Having established this metaphor—let us examine, for example, how it might apply in the case of a Web-enabled intranet that contains perhaps hundreds of thousands of objects ("pages" in a Web context) that carry useful information for some user community.

When first faced with the requirement to "locate" a page containing desired information from amongst many contained within a Web, a simple first approach is to create an index of every word within all of the pages and point each index entry to the various pages containing that word. Then the user can peruse until the desired target is found.

This is in fact what many of the Web-crawler indexing engines do on the World Wide Web. The problem with this approach is that the user frequently is confronted with thousands of "hits" and must rely on the indexing engine to have arranged them (via some arbitrary scheme) so that the most interesting ones (from whose viewpoint?) are sorted to the top of the list and can be individually examined by the user until an acceptable one is found.

Other Web-crawlers combine this approach with a hierarchical classification scheme that can be used for navigation or "tree pruning" (more or less as described above), which allows a user to refine the search base by navigating over and descending successive levels prior to exerting a query or making a selection from a pared list. But even in this case, the entries in the pruned list contain only minimal information to allow the user to make a sensible choice—short of retrieving and examining each candidate document in detail.

In the case of Web-crawlers that are indexing arbitrary textual objects (Web pages) there is of course little alternative to this approach. But when the objects in the network space possess some given set of attributes (e.g., people objects might have phone numbers, e-mail addresses, physical location, functional title, etc.), then a purpose-built directory can provide the user with the ability to perform a sensible search or selection in the final phase of the "navigate followed by search/select" paradigm outlined above.
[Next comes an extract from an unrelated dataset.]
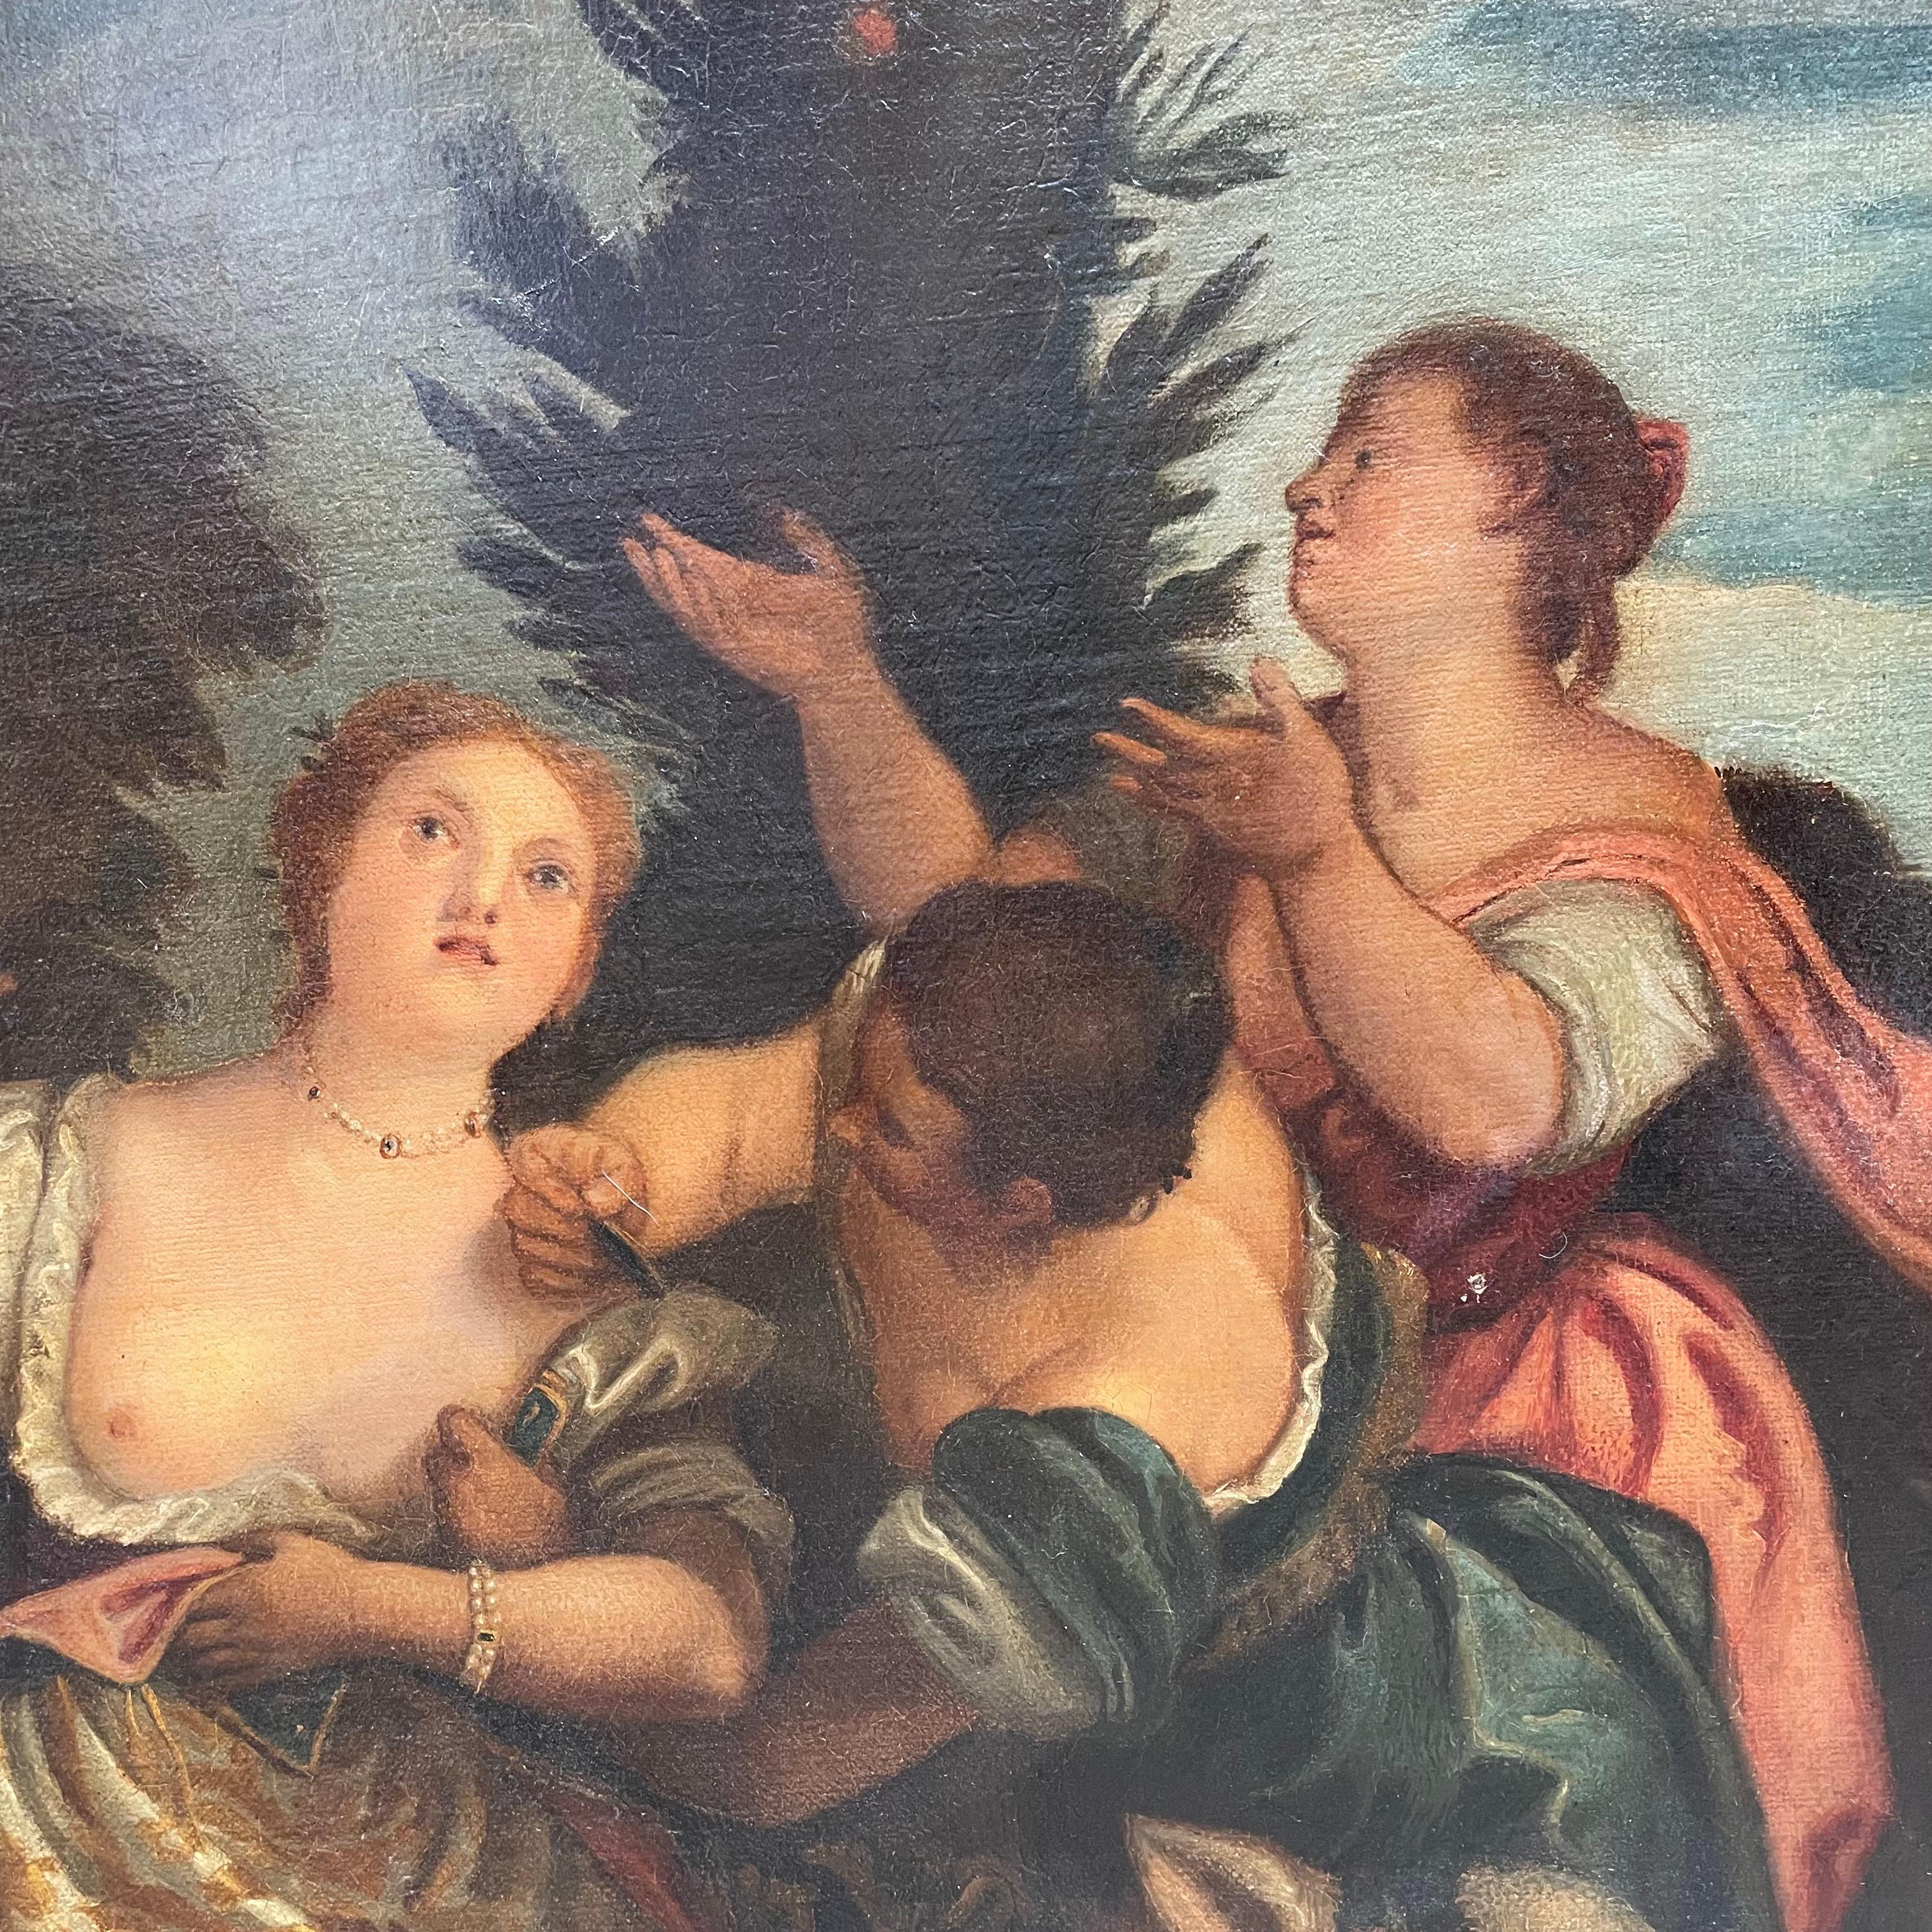 Ein großes italienisches Gemälde aus dem 19. Jahrhundert, das die Entführung der Europa darstellt, inspiriert von Ovids Geschichte in den Metamorphosen - der Vergewaltigung der Europa, der berühmten mythologischen Legende von Zeus und Europa, der

Once the user has selected the desired target, the directory can provide either the "pointer" to the object itself (such as the e-mail address or the network URL of the target) or the actual desired attribute if that happens to be one that is held in the directory (such as the user’s public key).

While this may appear obvious in retrospect, it provides some answer to the question of when one might use a general-purpose Web-indexing engine versus when a directory would be more appropriate.
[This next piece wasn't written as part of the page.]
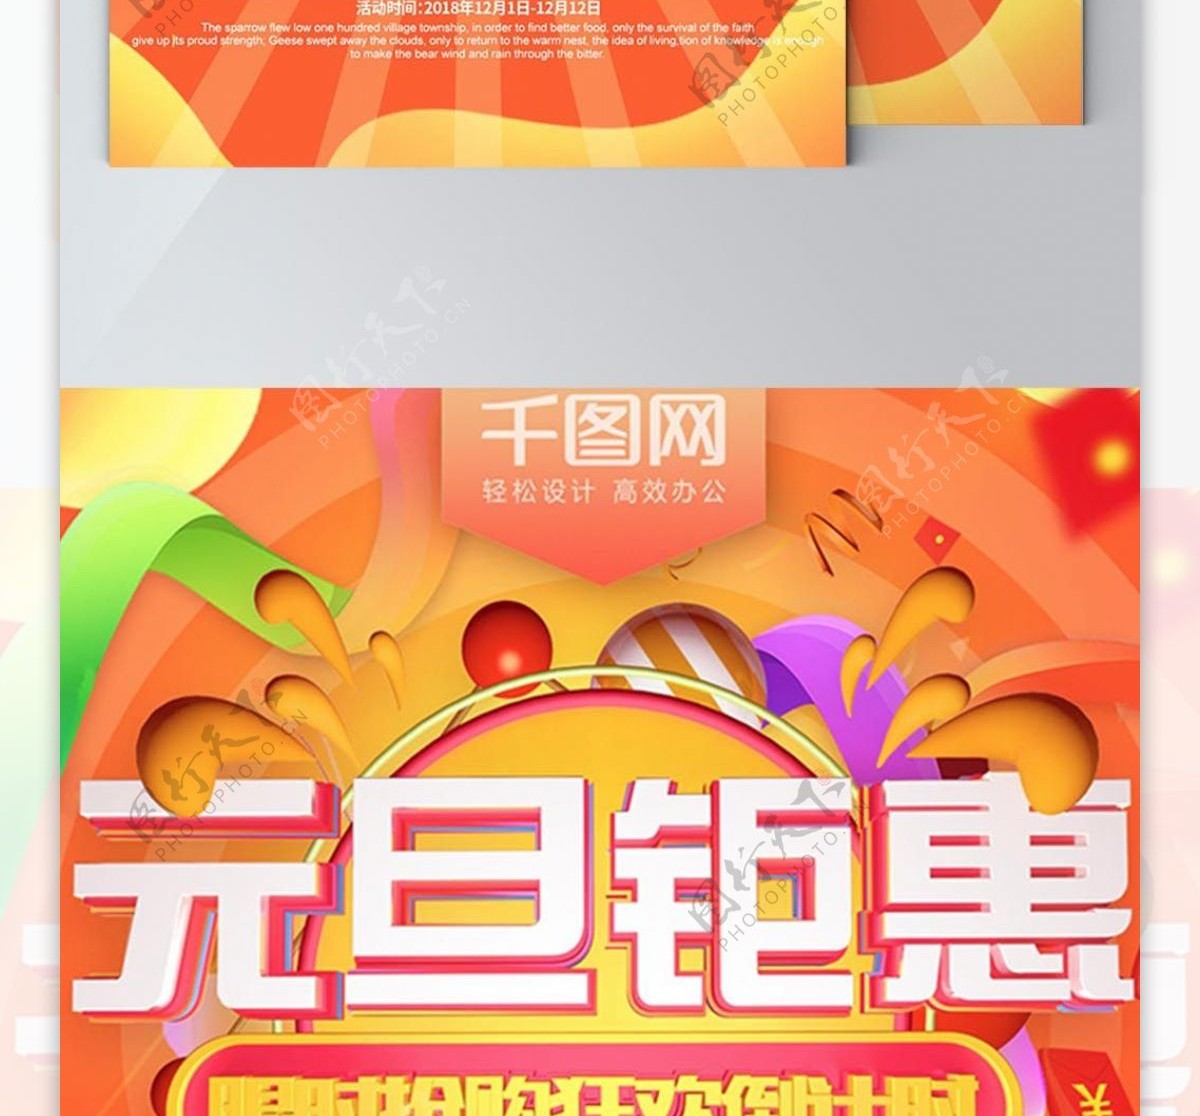 元旦特惠橙色节日促销宣传单

If the objects for which a directory is being built are amorphous (such as arbitrary Web pages), then there is little alternative but to unleash a general indexing mechanism against them. Index every word encountered, and leave it to the end-user to "prune" any result set returned from a query—as best as he or she can. This is a serious problem for which the only mitigating strategy so far has been for the indexer to also store a textual snippet from the base document and provide this to the searcher in the hope that it may provide some handle on choosing the desired target(s) in the final "select" phase.

On the other hand, if the objects for which a directory is being built are associated with a definable set of attributes, then a much more productive approach can be implemented by means of a directory. Through judicious choice of object attributes that allow the user to navigate and then search or select on an intelligent basis, far more rapid and accurate discovery of targets is possible.